# Exercise prompt
Below this task are records; return each one exactly and omit its images.

(Source records)

#####

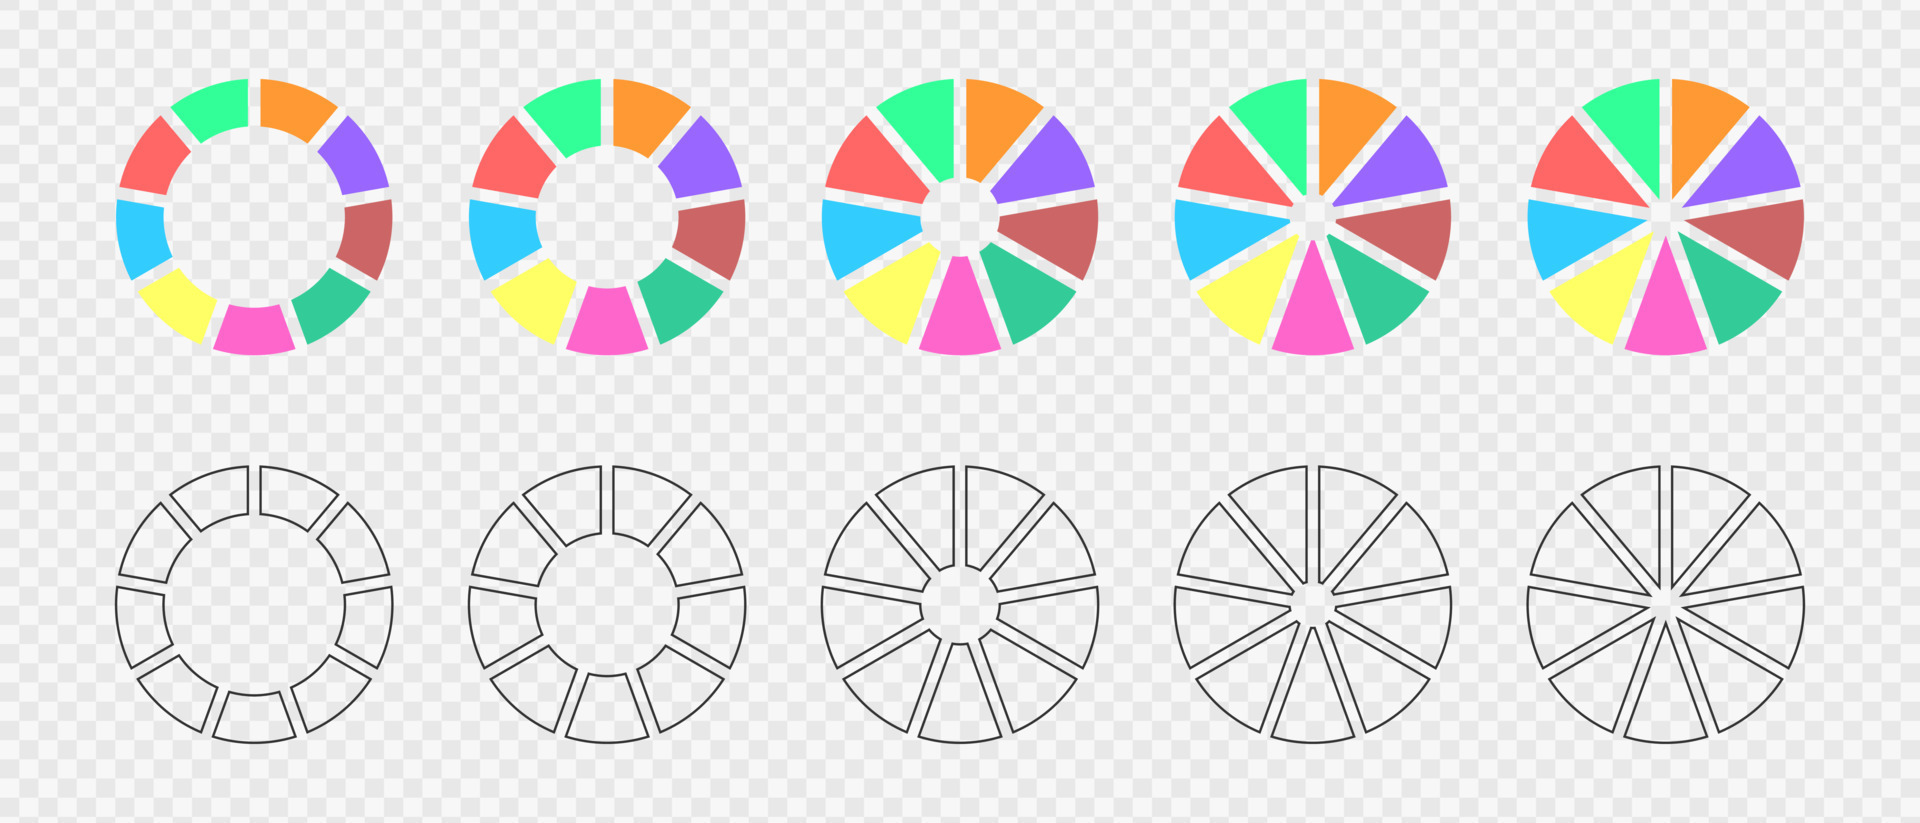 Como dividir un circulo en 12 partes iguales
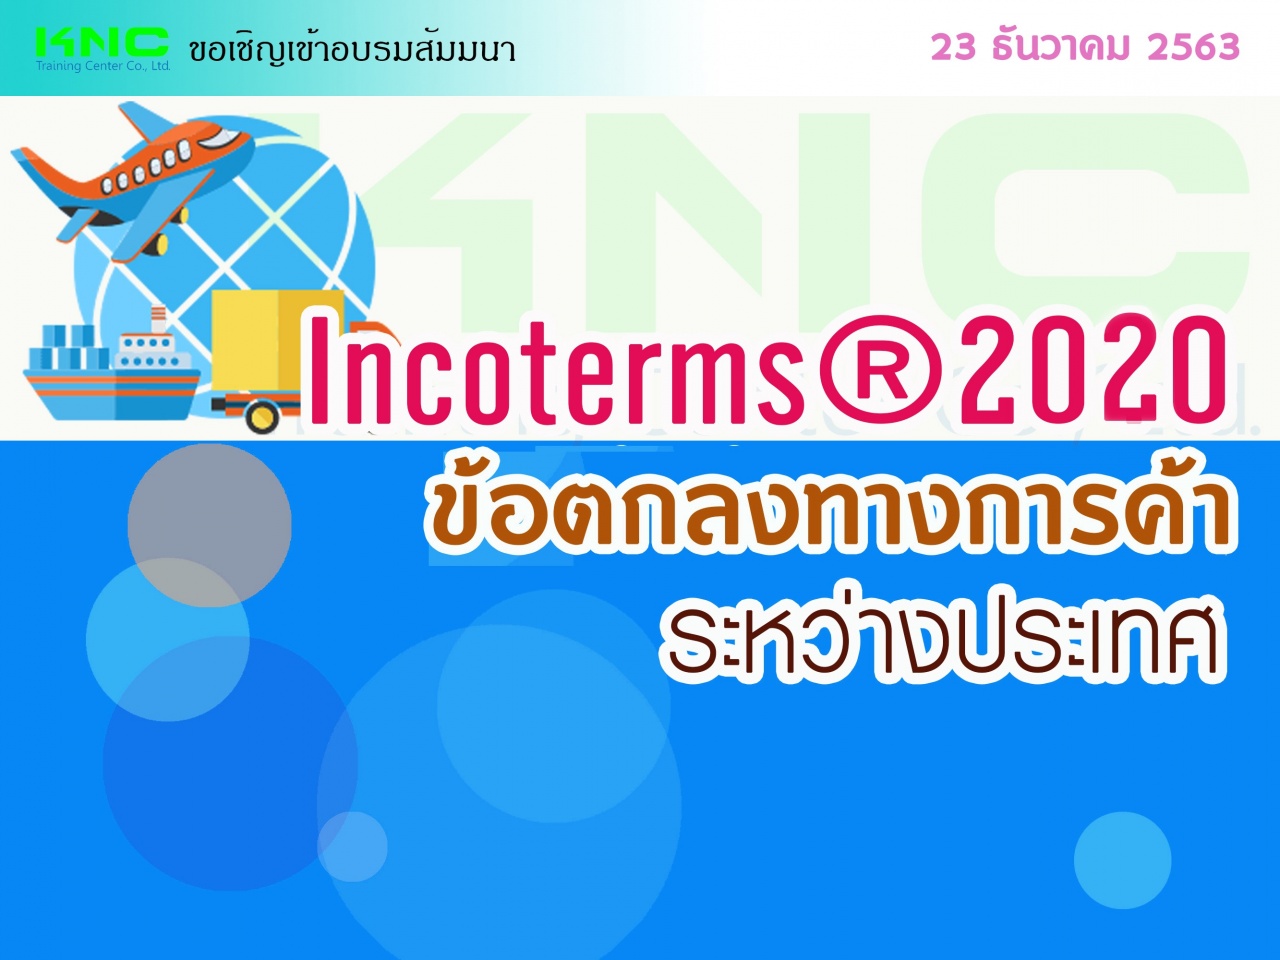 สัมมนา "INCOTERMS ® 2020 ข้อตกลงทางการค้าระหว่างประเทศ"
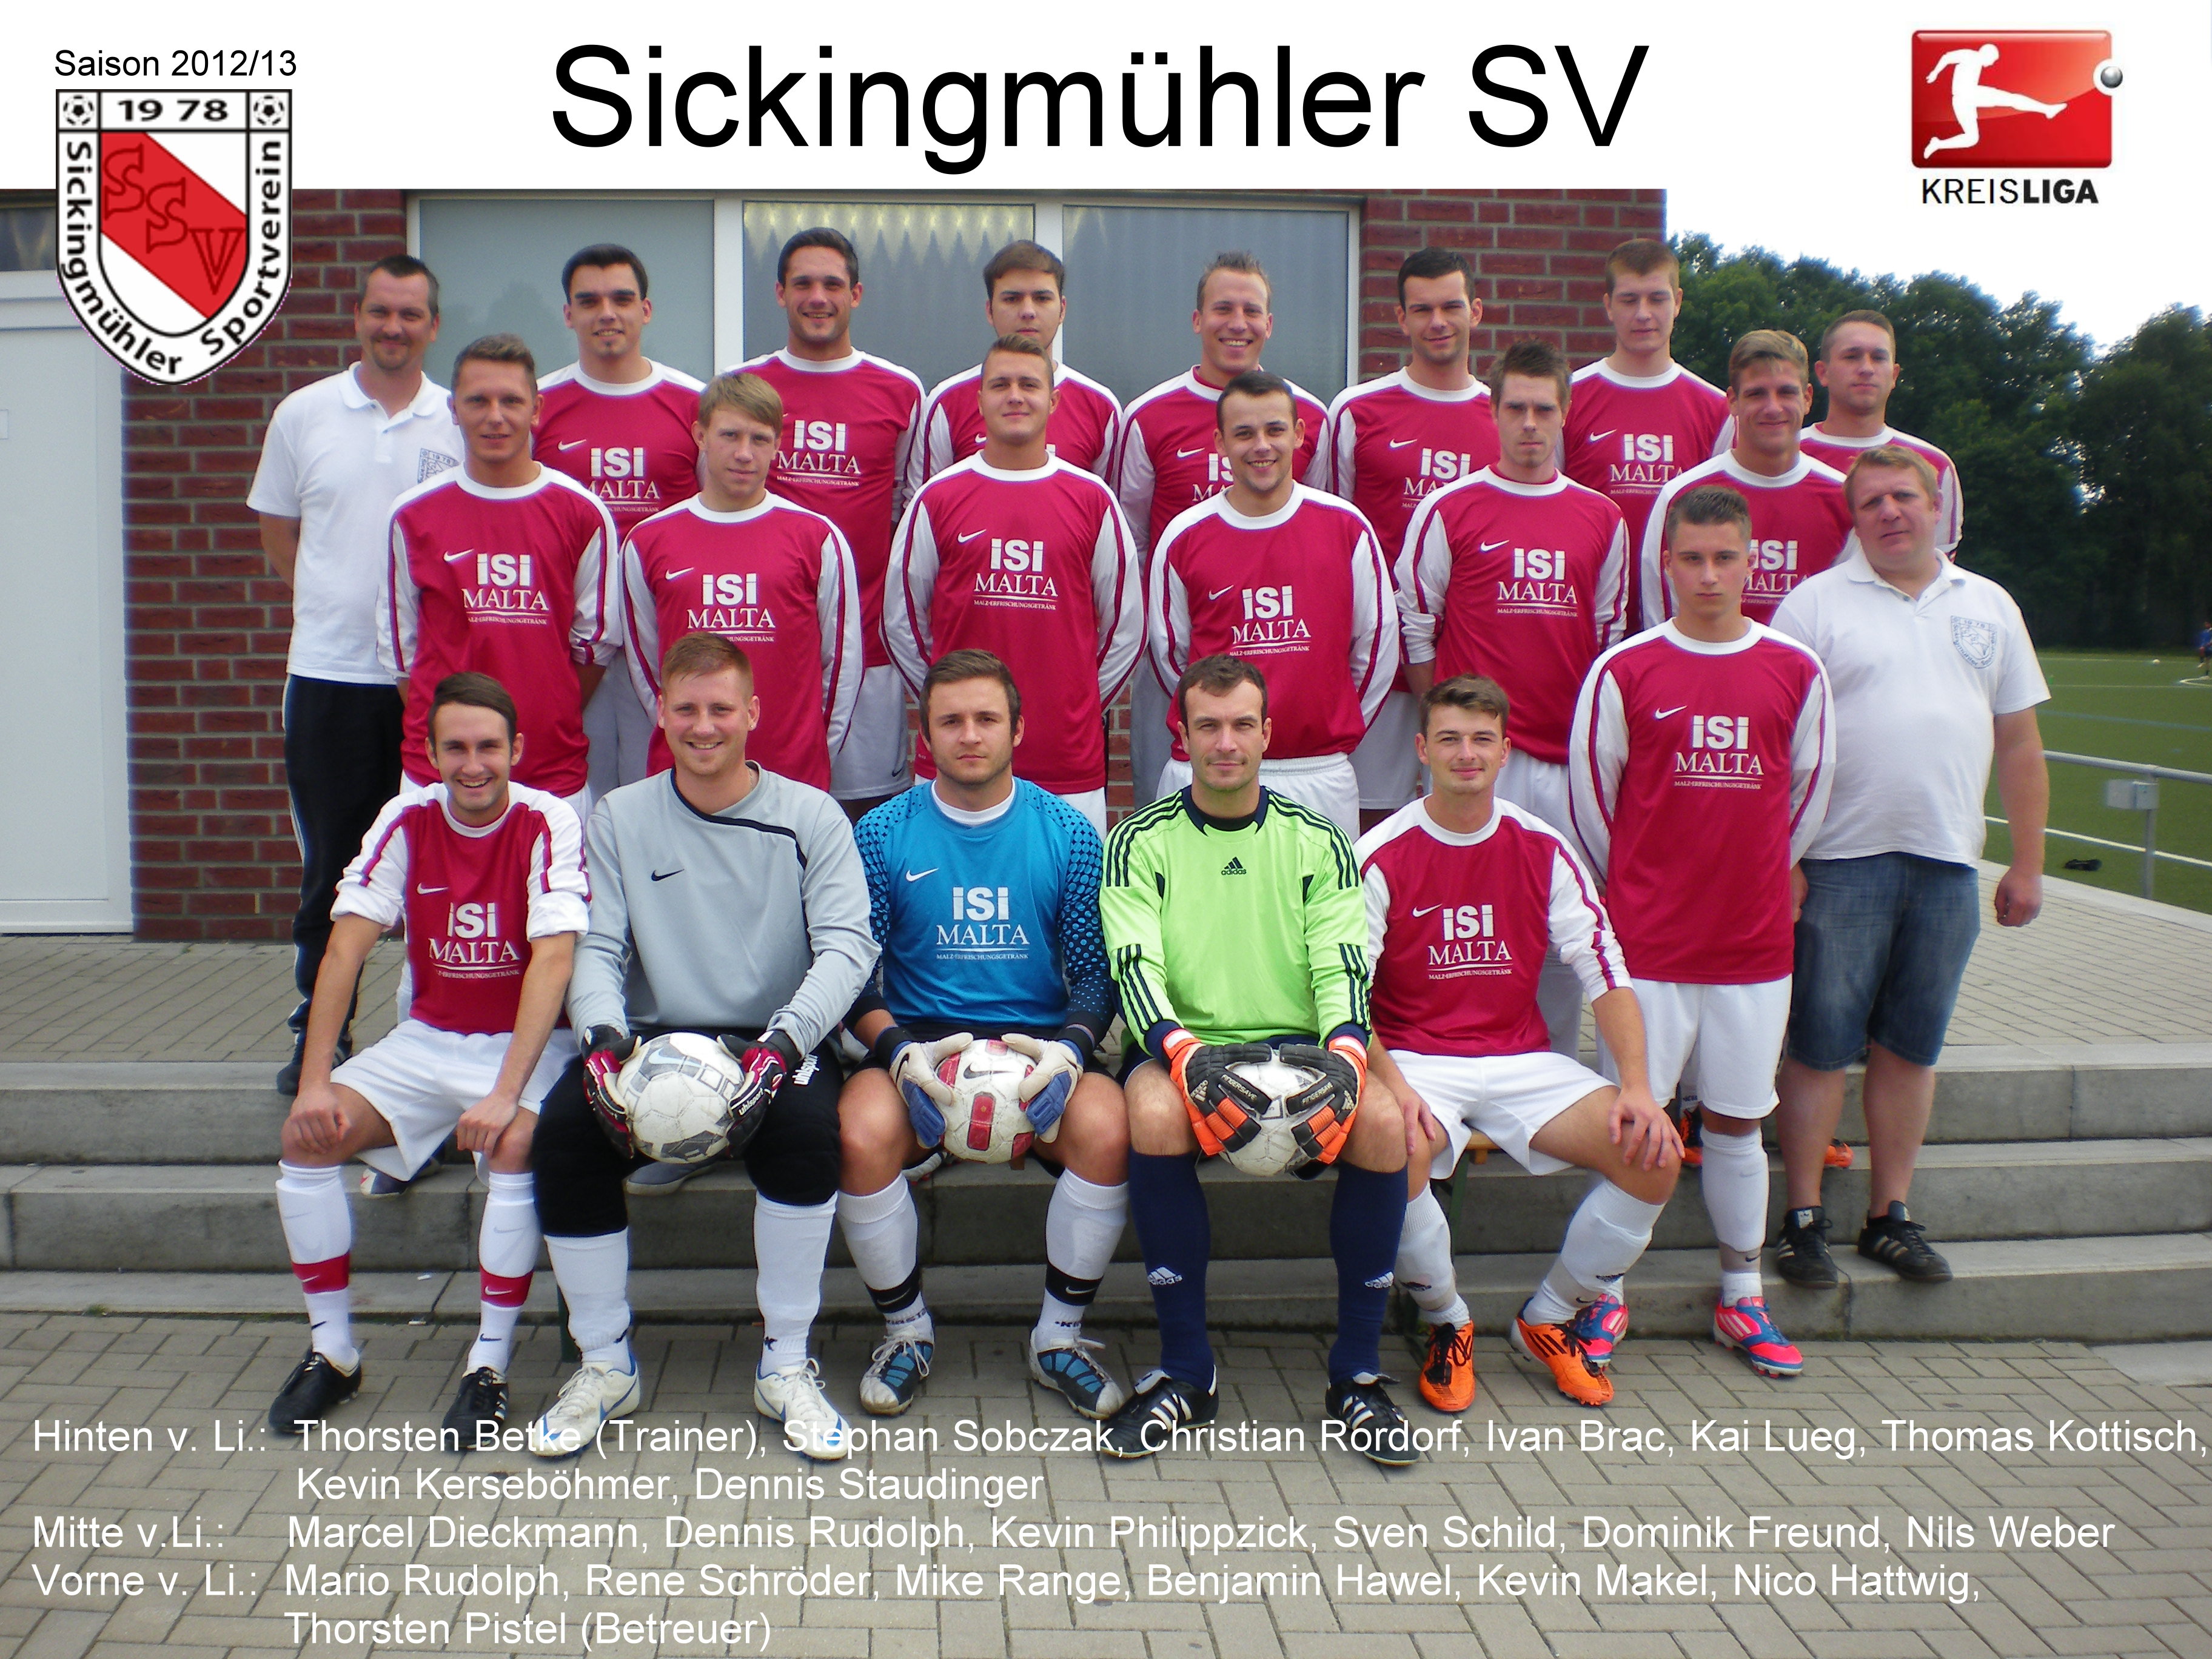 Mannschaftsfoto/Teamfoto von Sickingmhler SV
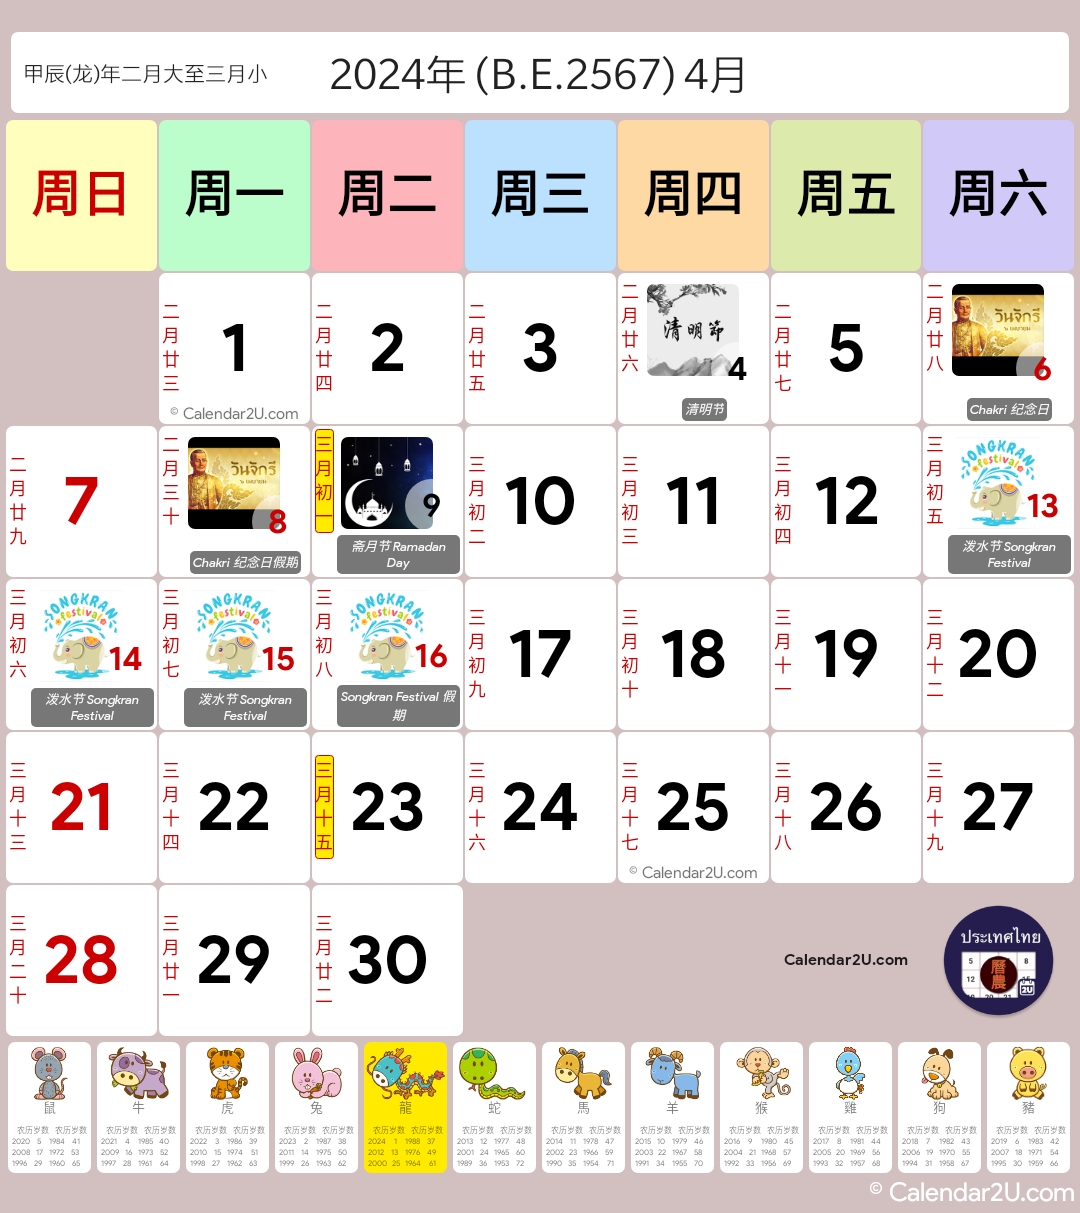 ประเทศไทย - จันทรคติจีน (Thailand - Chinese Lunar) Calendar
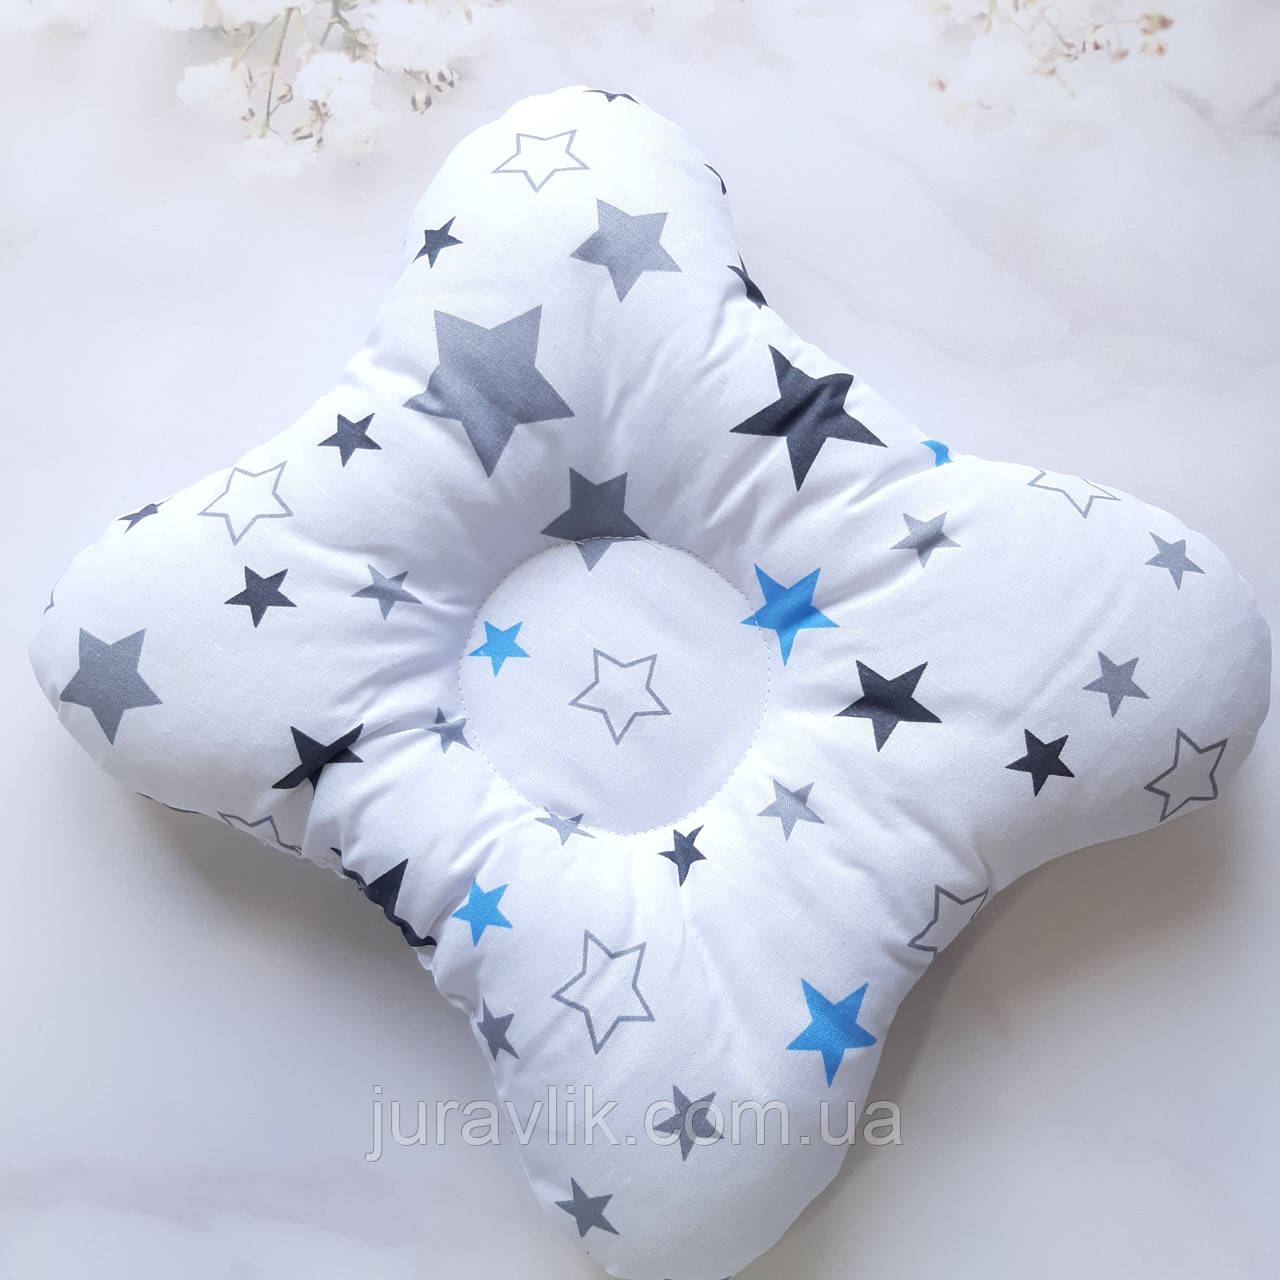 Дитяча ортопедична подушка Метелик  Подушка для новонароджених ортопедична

#####

# Expected answer
 Como dividir un circulo en 12 partes iguales
 สัมมนา "INCOTERMS ® 2020 ข้อตกลงทางการค้าระหว่างประเทศ"
 Mannschaftsfoto/Teamfoto von Sickingmhler SV
 ประเทศไทย - จันทรคติจีน (Thailand - Chinese Lunar) Calendar
 Дитяча ортопедична подушка Метелик  Подушка для новонароджених ортопедична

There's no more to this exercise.